What would be his role? The Patriots' top three cornerback spots are pretty much set in stone in the form of Stephon Gilmore, Eric Rowe and Jason McCourty. Alexander would therefore start off his career with the team as the fourth, matchup-specific option on the depth chart and a mainstay on special teams.
How many downs can he play? Four, even though he would not be projected to do so early on in his Patriots tenure. Alexander would see most defensive playing time as part of specific nickel and dime packages and then come onto the field again in the kicking game.
What is his special teams value? As noted above, Alexander was a very active special teamer at Louisville. Overall, he ran back 43 for 424 yards and a score in his three seasons with the team. Furthermore, he saw time as an edge rusher on field goal and extra point attempts and has the abilities to serve as a coverage player on both punts and kickoffs.
Does he have positional versatility? As noted above, Alexander can play multiple roles on both defense and special teams. Defensively, he is able to play in man and zone schemes and can be used on the perimeter and in the slot. While his length would make him a less-then ideal matchup for taller receivers, he is shifty enough to effectively cover opposing teams' quicker receivers.
Will his role change from year 1 to year 2? With both Eric Rowe and Jason McCourty entering a contract year, Alexander should be in line to earn a starting role in 2019 as the staring cornerback opposite Stephon Gilmore – no matter if Rowe and/or the younger of the two McCourty brothers are ultimately brought back.

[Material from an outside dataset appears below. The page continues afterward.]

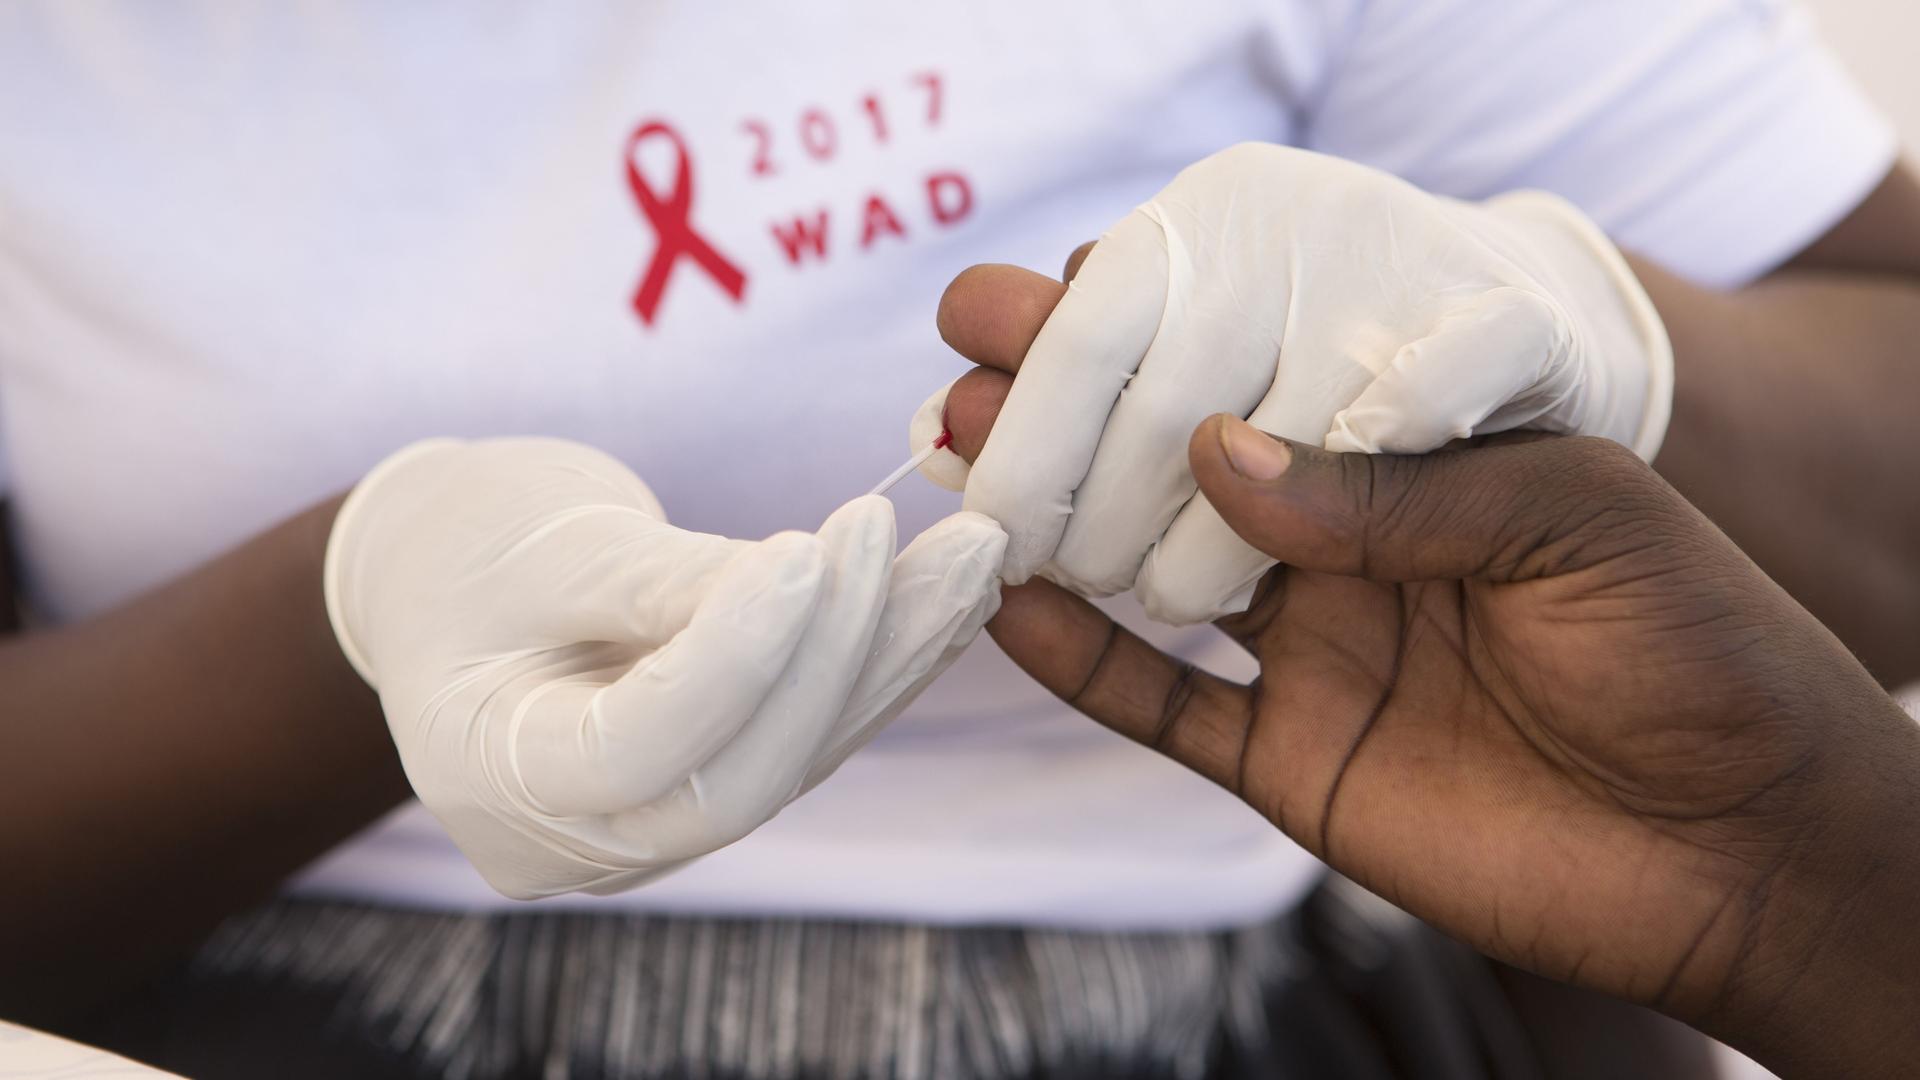 Ruandas Kampf gegen Aids - Fast am Ziel - mithilfe von Aufklärung und medizinischer Versorgung

Which current Patriots will he have to beat out? While Gilmore and Rowe offer a slightly different skill set than Alexander due to their height, every other cornerback on the roster would be direct competition for practice and playing time (not a roster spot, though, as Alexander would be a lock) – starting with McCourty, Jonathan Jones and Cyrus Jones.
Why the Patriots? As noted above, two of the Patriots' top three cornerbacks at the moment are entering the final year of their respective contracts. New England is therefore in need to find a long-term option at the position and Alexander would be just that. Despite his injury situation and questions marks regarding his length, he would be a solid player able to contribute from day one forward on both defense and special teams.

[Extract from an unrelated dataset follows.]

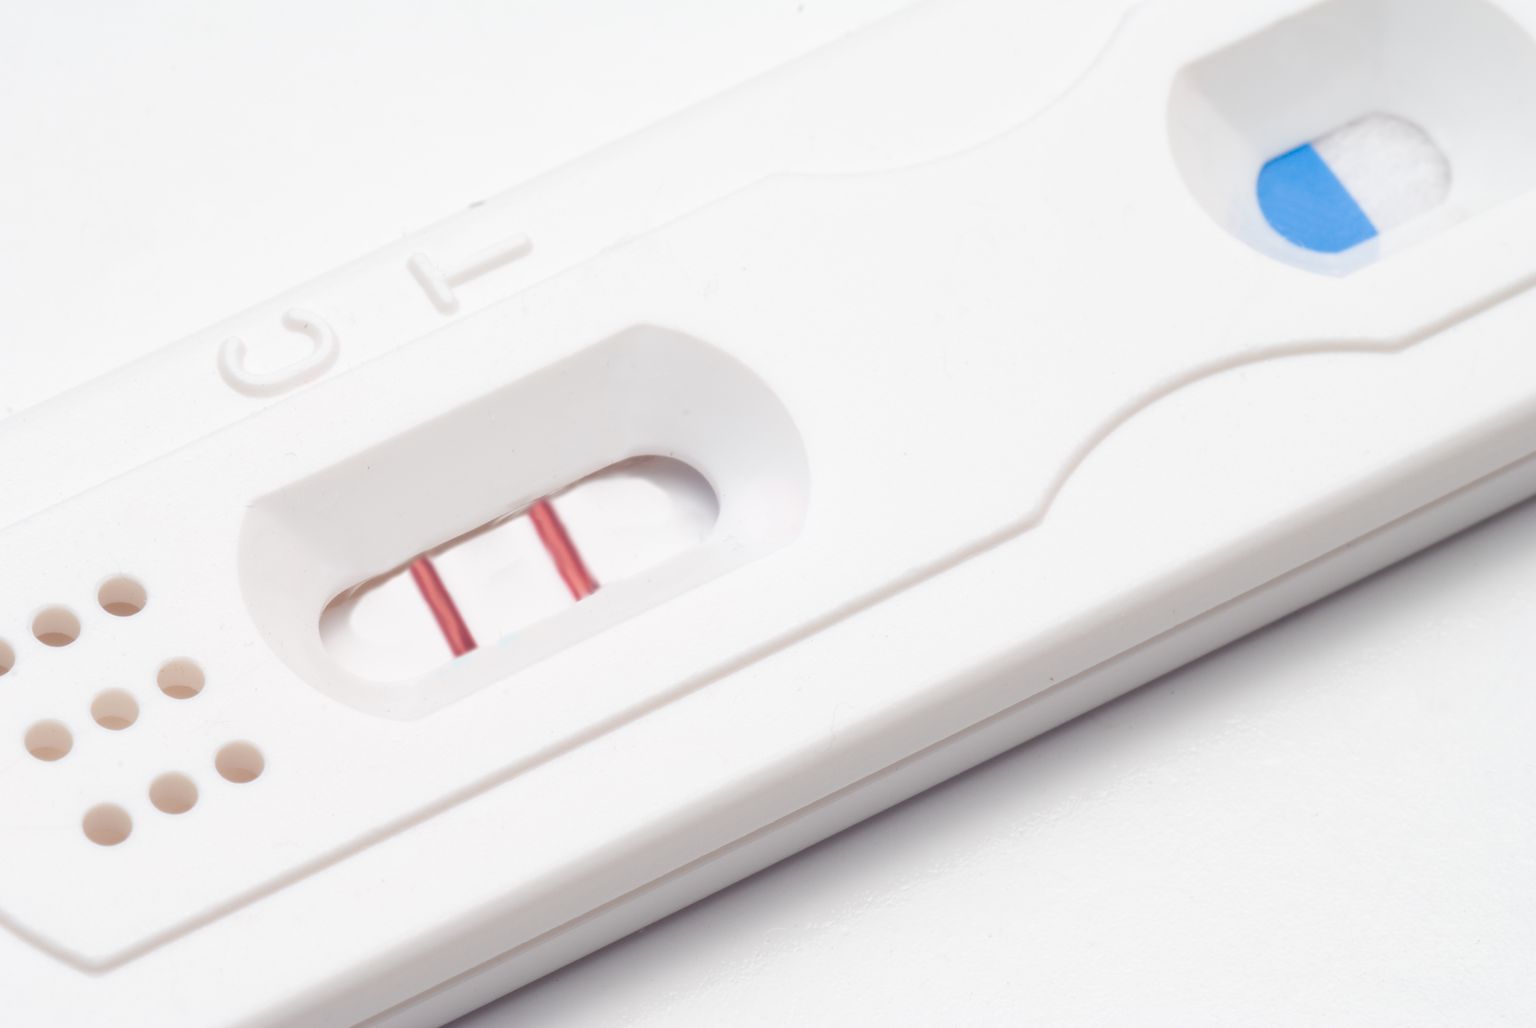 Eesti Naistearstide Selts seisab jätkuvalt selle eest, et kõigil rasedatel ja sünnitajatel oleks õigus teha pereplaneerimise valikuid ilma riigi sekkumiseta.

Basically serving as an upgrade over Cyrus Jones, Alexander certainly has the talent to become a quality starter further down the line – giving New England some stability at the cornerback position as the team is expected to enter a transitional phase elsewhere in its defensive backfield: Both starting safeties Devin McCourty and Patrick Chung are on the wrong side of 30, after all, and will need to be replaced in a few years.
Why not the Patriots? The Patriots' need at cornerback very much depends on how the team views Cyrus Jones and Jonathan Jones coming off ACL injuries. If the team feels like both players can provide adequate long-term depth at the position, investing a first-round draft choice in Alexander might be too much of a luxury considering the holes the team has to fill elsewhere.
Verdict: Alexander certainly is an intriguing player due to his athleticism and versatility – one that should come off the board in the middle-late portion of round one. And even though the Patriots have plenty of bodies at cornerback right now, he would be a nice addition to the secondary that comes with the potential of turning into a quality starter a year or two down the line. As such, it would not be a surprise to see New England use one of its two first-rounders to get the Louisville prospect on board.